Die Autorin von "Die Judenbuche"
Annette von Droste-Hülshoff kam 1797 auf Burg Hülshoff bei Münster zur Welt. Zeit ihres Lebens widmete sie sich dem Dichten und dem Komponieren, wobei sich musikalische und literarische Werke stets gegenseitig beeinflussten.
Annette hieß mit vollem Namen Anna Elisabeth Franzisca Adolphina Wilhelmina Ludovica Freiin von Droste zu Hülshoff.
Auf Grundlage der häuslichen Lehre ihrer Mutter begann Annette von Droste-Hülshoff bereits im Alter von sieben Jahren Gedichte zu schreiben. In Ihrer Jugend entsprachen ihre Gedichte überwiegend den Idealen der Romantik und des Biedermeiers – sie waren geprägt von starken Emotionen und dem Rückzug in eine heile Welt.

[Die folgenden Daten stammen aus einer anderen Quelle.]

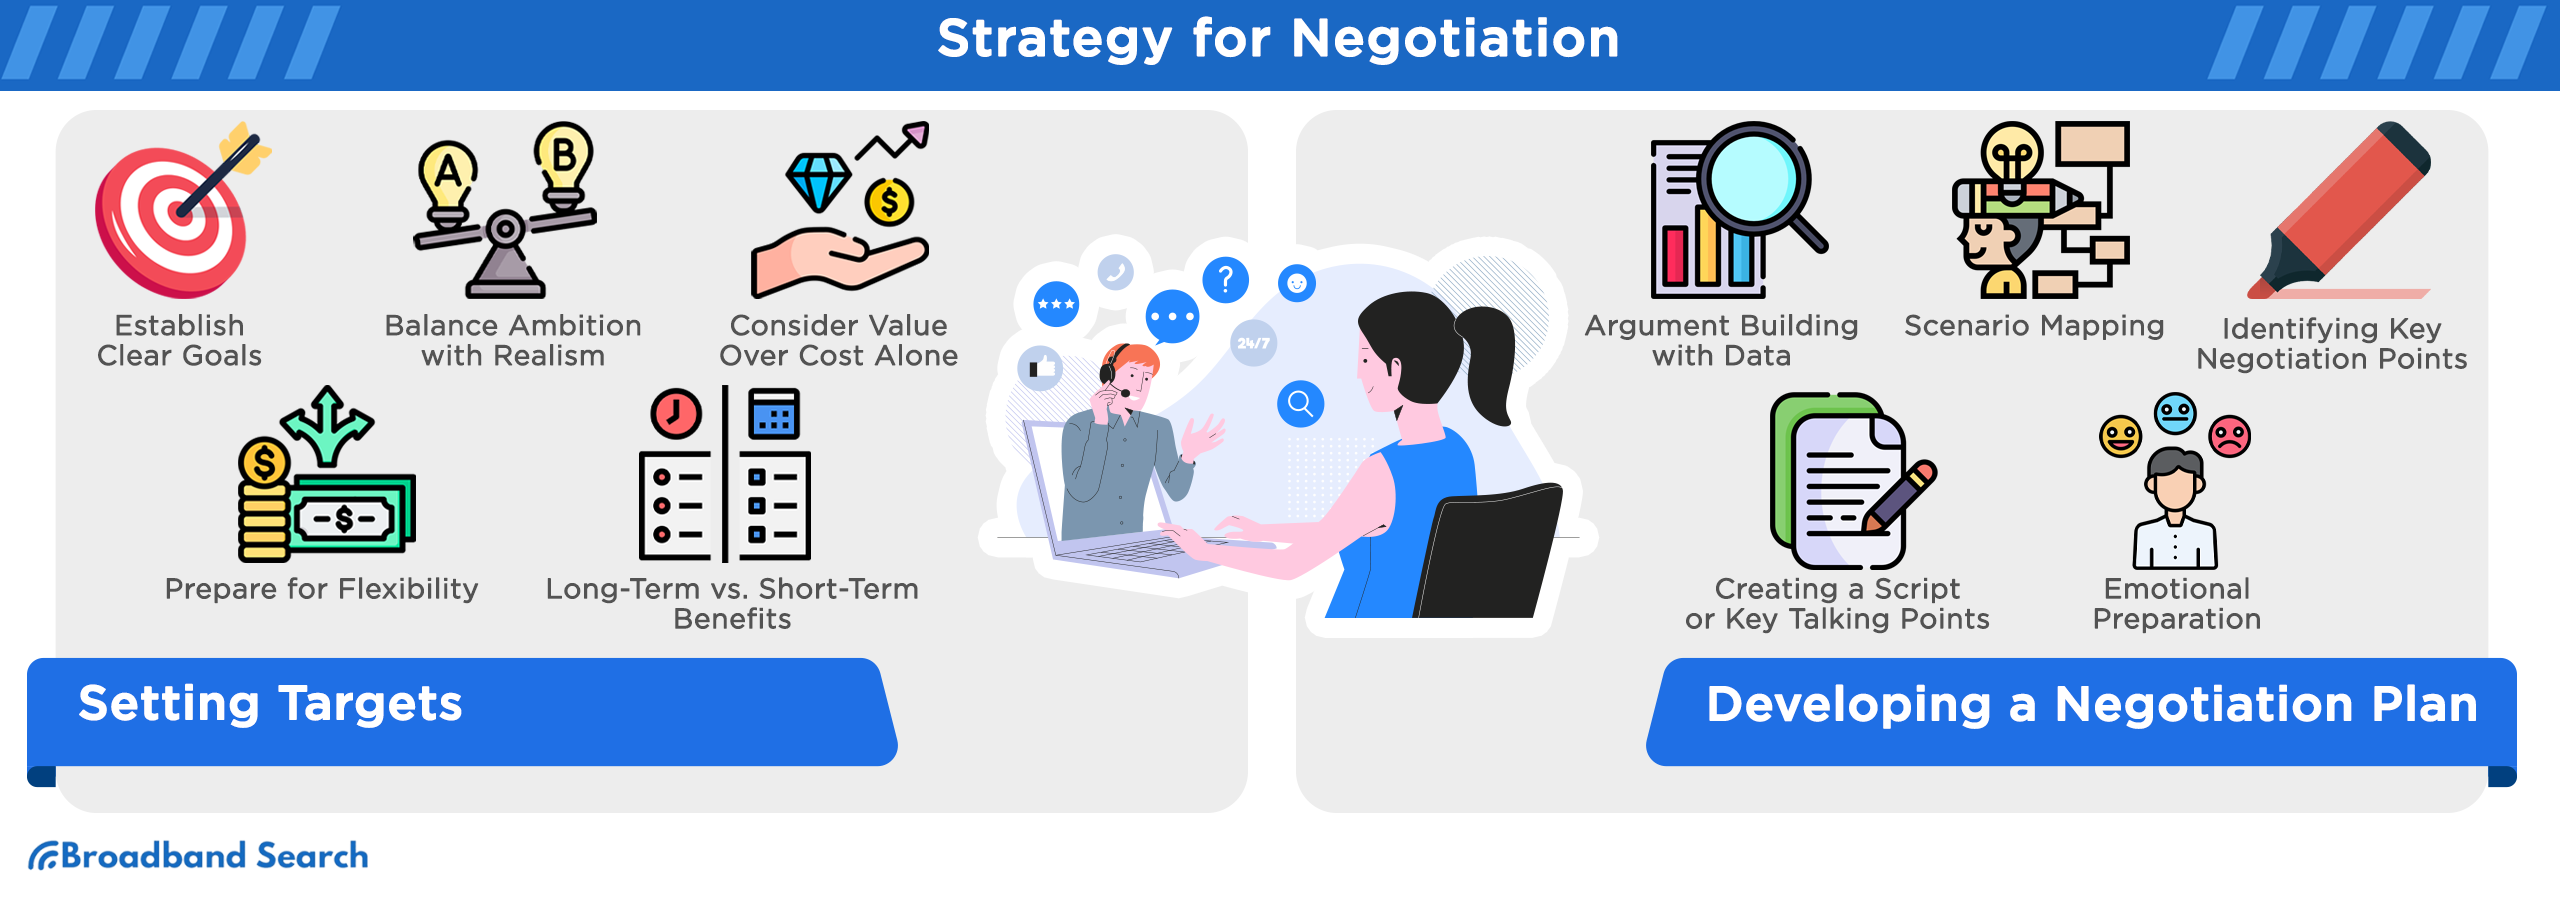 Strategies for negotiation with your provider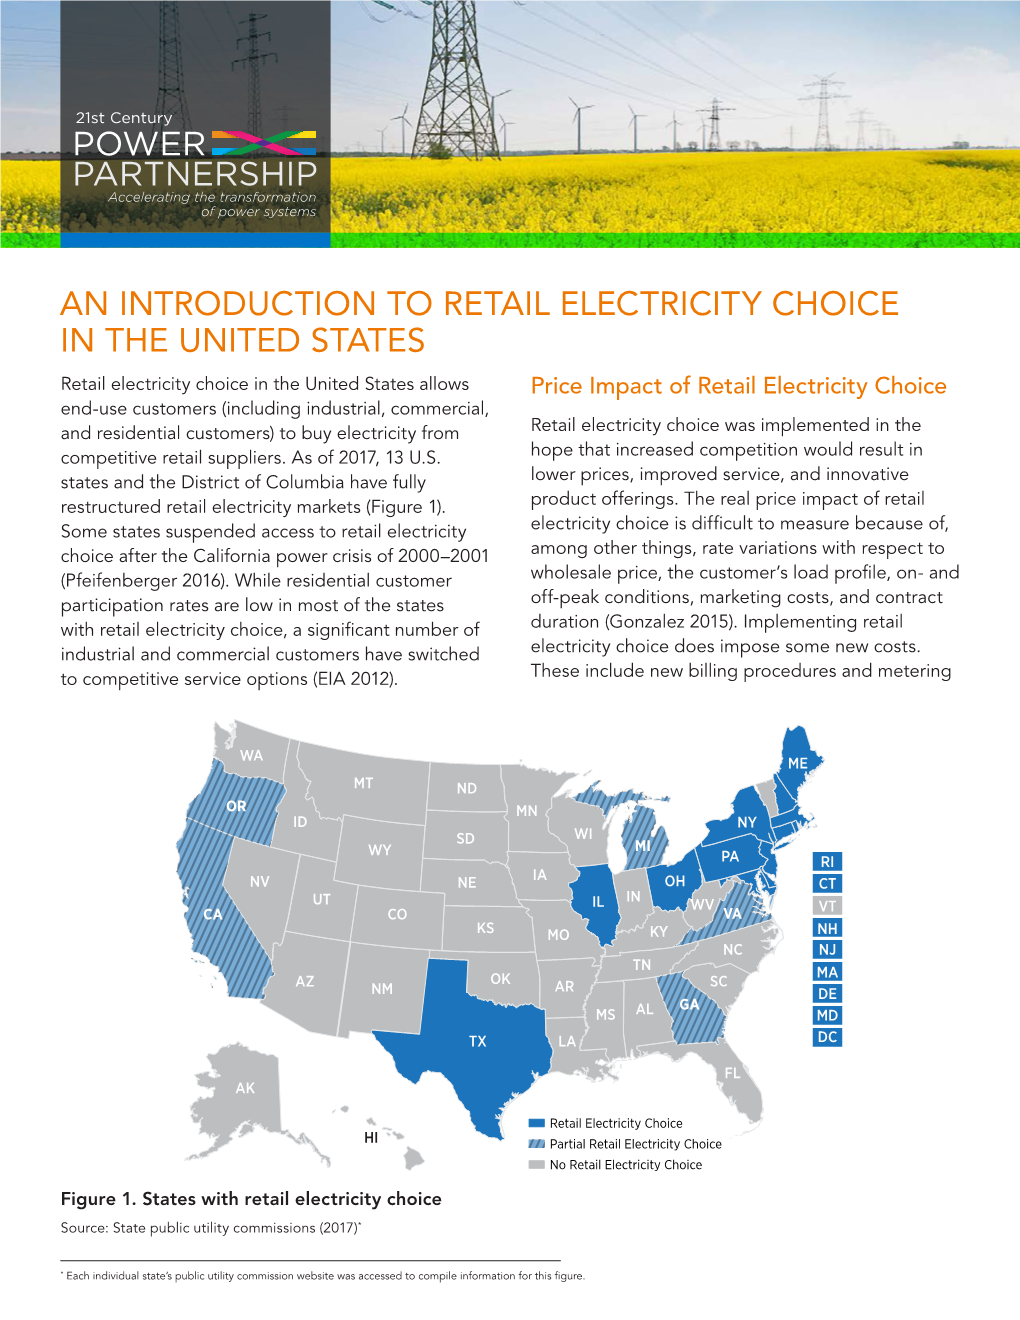 An Introduction to Retail Electricity Choice in the United States

Wenn Du mehr über die Ideale der beiden Literaturepochen erfahren möchtest, lies Dir doch gerne unsere Artikel "Romantik Literatur" und "Biedermeier Literatur" durch.
Zu Beginn der 1820er-Jahre widmete sie sich zunehmend der Musik. Sie begann mit der Arbeit an ihren Opern "Babilon" und "Der blaue Cherub". 1829 wurde Annette von Droste-Hülshoff erstmals schwer krank. Vermutlich hat sie sich in dieser Zeit homöopathisch (pseudomedizinisch) behandeln lassen.
Im Jahr darauf begann sie mit ihrer Arbeit an der Judenbuche. Sie schrieb allerdings erst 1838 weiter und ließ das Werk erst 1842 veröffentlichen. Annette von Droste-Hülshoff litt immer öfter an gesundheitlichen Problemen und starb 1848 auf Schloss Meersburg.
Zu ihren bedeutendsten literarischen Werken gehören neben der Judenbuche weitere prosaische Texte wie "Zeitbilder" und "Scherz und Ernst" sowie zahlreiche Balladen und Gedichte wie "Des Arztes Vermächtnis", "Am Weiher" oder der "Graf von Thal". Ihre musikalische Arbeit umfasst unter anderem zahlreiche Stücke für Klavier und Gesang sowie Minnelieder und verschiedene Opern.
"Die Judenbuche" - Zeitgeschichtlicher Hintergrund
Annette von Droste-Hülshoff wurde nur wenige Jahre nach der Französischen Revolution geboren. Sie lebte in einer Zeit, in der auch in Deutschland der Ruf nach bürgerlicher Freiheit und einer vereinten Nation laut wurde.
Nach dem Wiener Kongress 1815 wurden die alten absolutistischen Machtverhältnisse in Europa wieder hergestellt und die zahlreichen deutschen Kleinstaaten haben sich nicht zu einem Staat vereint, sondern lediglich im Deutschen Bund zusammengeschlossen. Dies löste eine Welle von Protesten sowie Forderungen nach Einheit aus. Als Folge dessen trat mit den Karlsbader Beschlüssen von 1819 eine durchgreifende Einschränkung der Presse- und Meinungsfreiheit ein.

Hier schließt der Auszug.